Ion or Iancu Brezeanu (December 1, 1869-March 17, 1940) was a Romanian stage actor.

His jovial figure made Brezeanu ideal for comedic roles, above all in the works of Ion Luca Caragiale, whose favorite he was. In 1888, while still a student at the Bucharest Conservatory under Ștefan Vellescu, he appeared in O noapte furtunoasă. In 1898, Caragiale himself directed Brezeanu in O scrisoare pierdută, where he would appear for nearly four decades.
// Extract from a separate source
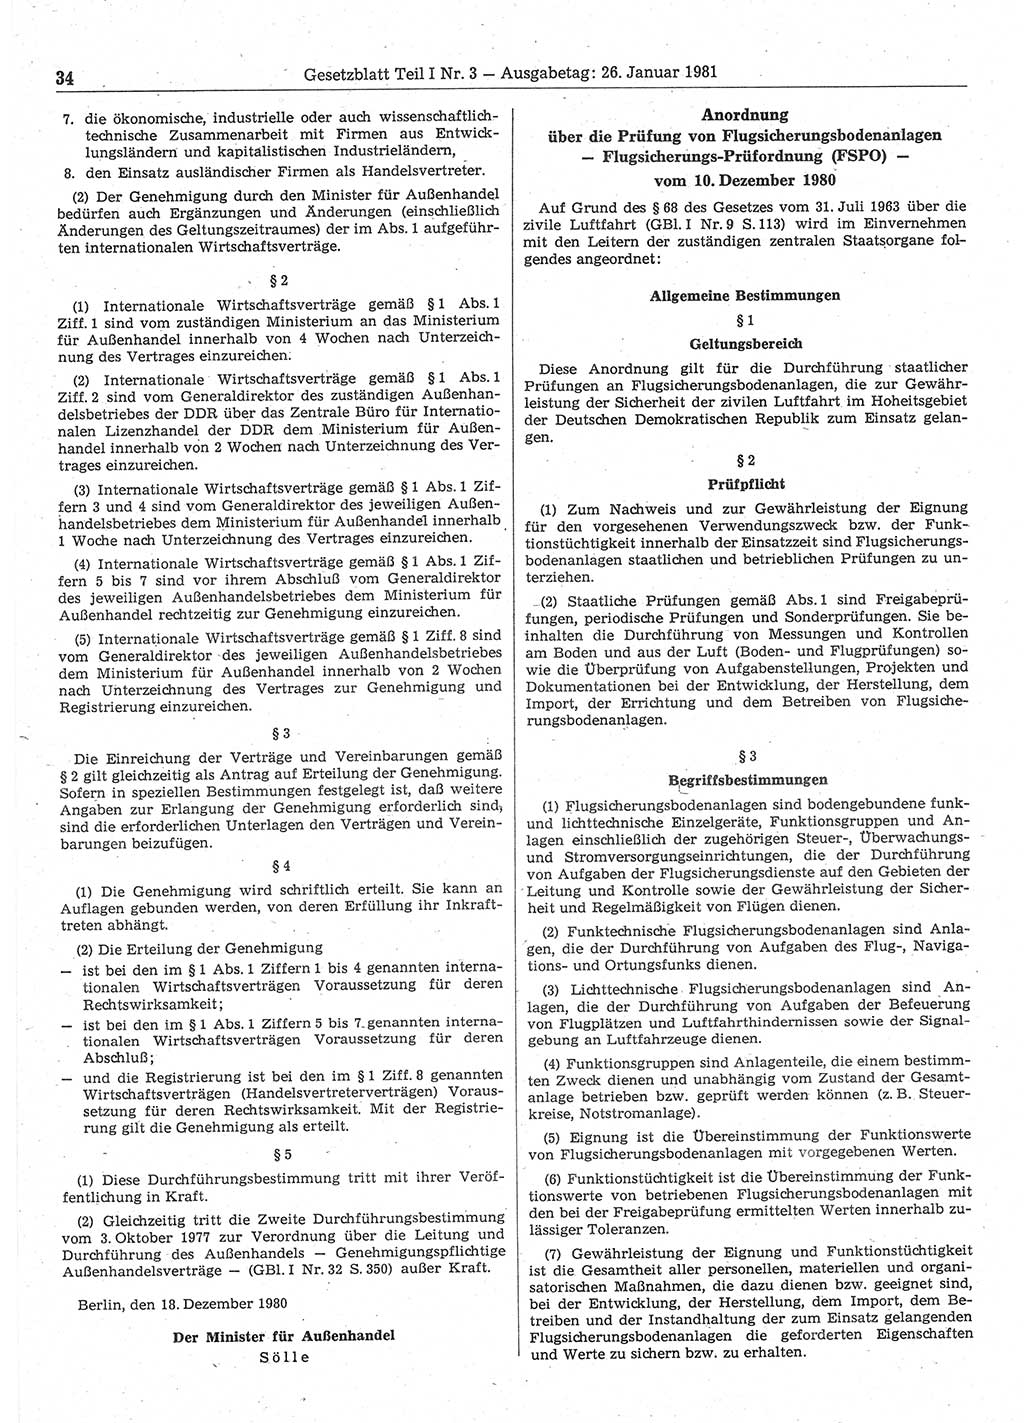 Gesetzblatt (GBl.) der Deutschen Demokratischen Republik (DDR) Teil Ⅰ 1981, Seite 34 (GBl. DDR Ⅰ 1981, S. 34)

The playwright then analyzed his actor's performance in a noted critical study.

From 1906, at the request of Alexandru Davila, he played the tragic figure of Ion in Caragiale's Năpasta. Constantin I. Nottara, who had inaugurated the role in 1890, willingly ceded it to the younger man. In all, Brezeanu interpreted nearly 200 roles, including Mogâldici from Viforul and Luceafărul by Barbu Ștefănescu Delavrancea (1909, 1910), the Fool in William Shakespeare’s King Lear (1910) and Șbilț from Mihail Sorbul’s Patima roșie (1916). In 1924, his Shylock, in Shakespeare’s Merchant of Venice, drew favorable comparisons to Ermete Novelli‘s portrayal. He also played Harpagon in The Miser by Molière and the Mayor in The Government Inspector by Nikolai Gogol, the latter evoking a favorable review in 1909 from N. D. Cocea.

Aged 70, he died of gangrene in a foot, brought on by diabetes. His son was the early film director Grigore Brezeanu.